CM-301f · Module 1
The Metrics Stack
4 min read
There are three levels of measurement for AI adoption. Most organizations report level one and call it success. Level one is usage: was the tool opened? Was the session longer than sixty seconds? Did the user click the AI feature? Level two is adoption: was the tool used for its intended purpose, in the context it was designed for, in a way that reflects genuine integration into the work? Level three is transformation: has the work itself changed? Are decisions being made differently? Are processes operating at a different level of capability? Is the improvement persistent without active management? Executives need level three. They are usually being shown level one.
- Level 1: Usage Metrics Login rate, session duration, feature engagement, daily/weekly active users. These metrics tell you the tool was opened and used. They do not tell you whether the use was purposeful, effective, or integrated into actual work. Usage metrics are a prerequisite for adoption — you cannot adopt what you do not use — but they are not a proxy for it.
- Level 2: Adoption Metrics Task completion rate using AI assist, AI-assisted output share of total output, self-service rate (tasks completed without escalation), workflow integration indicators (AI used at the relevant step in the workflow, not as a separate activity). Adoption metrics tell you whether the tool is being used as intended.
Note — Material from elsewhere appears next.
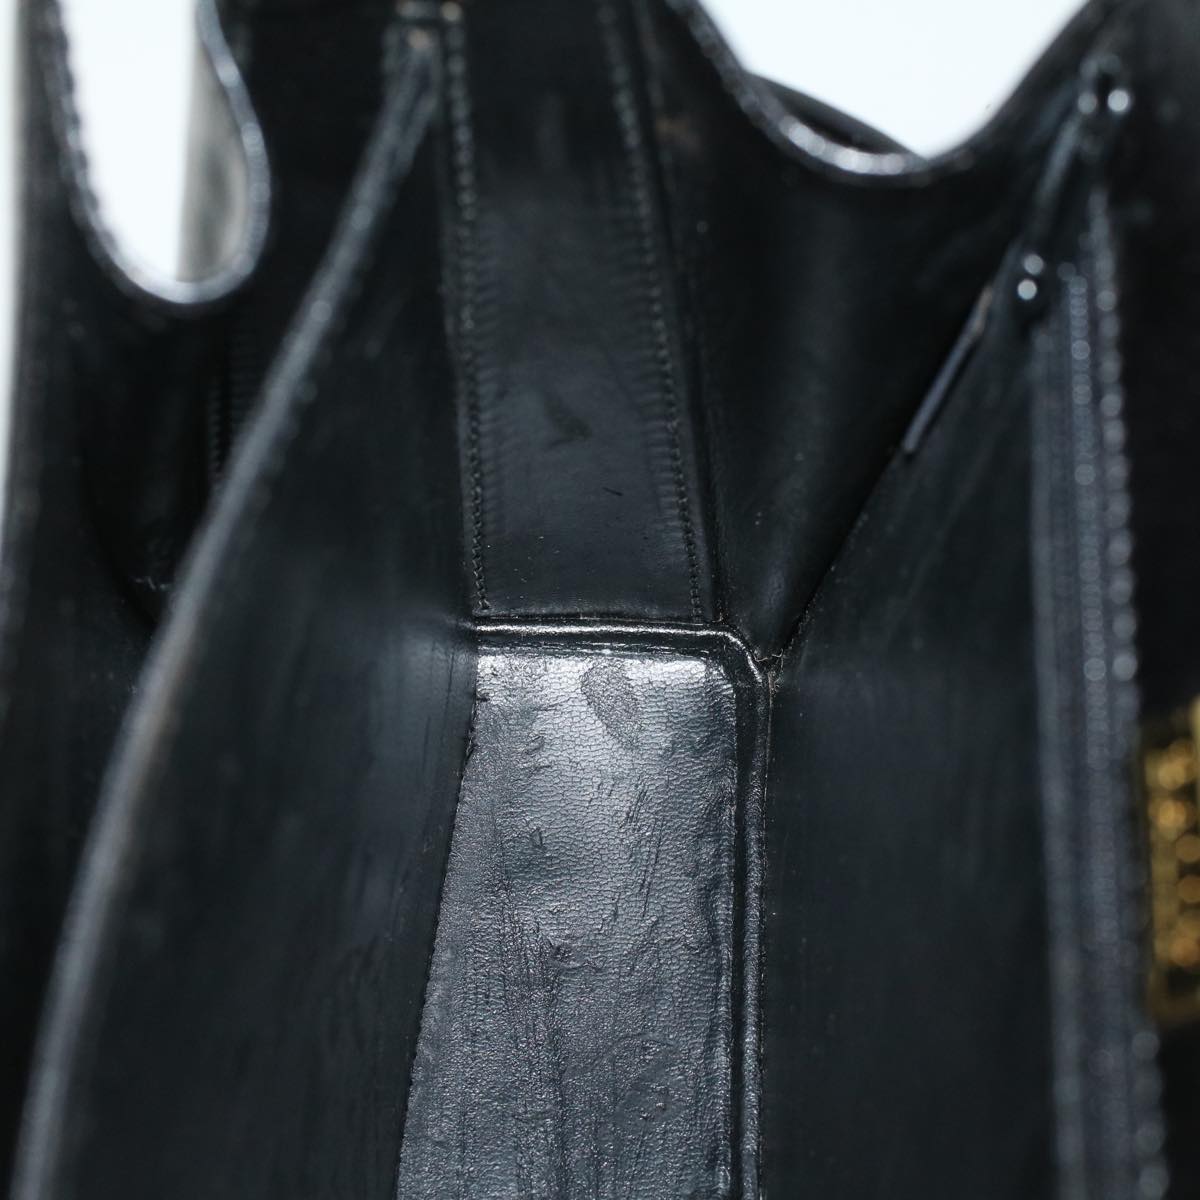 BALLY Hand Bag Leather Black Auth yk8682

They require more measurement infrastructure than usage metrics but are far more informative about whether behavioral change is occurring.
- Level 3: Transformation Metrics Lagging indicators: cost per unit output, error rate, throughput per FTE, revenue impact, decision velocity. These are the outcomes the initiative was designed to produce. They appear months after behavioral adoption has occurred — which is why you need leading indicators to predict whether you are on track before the lagging indicators confirm or deny it.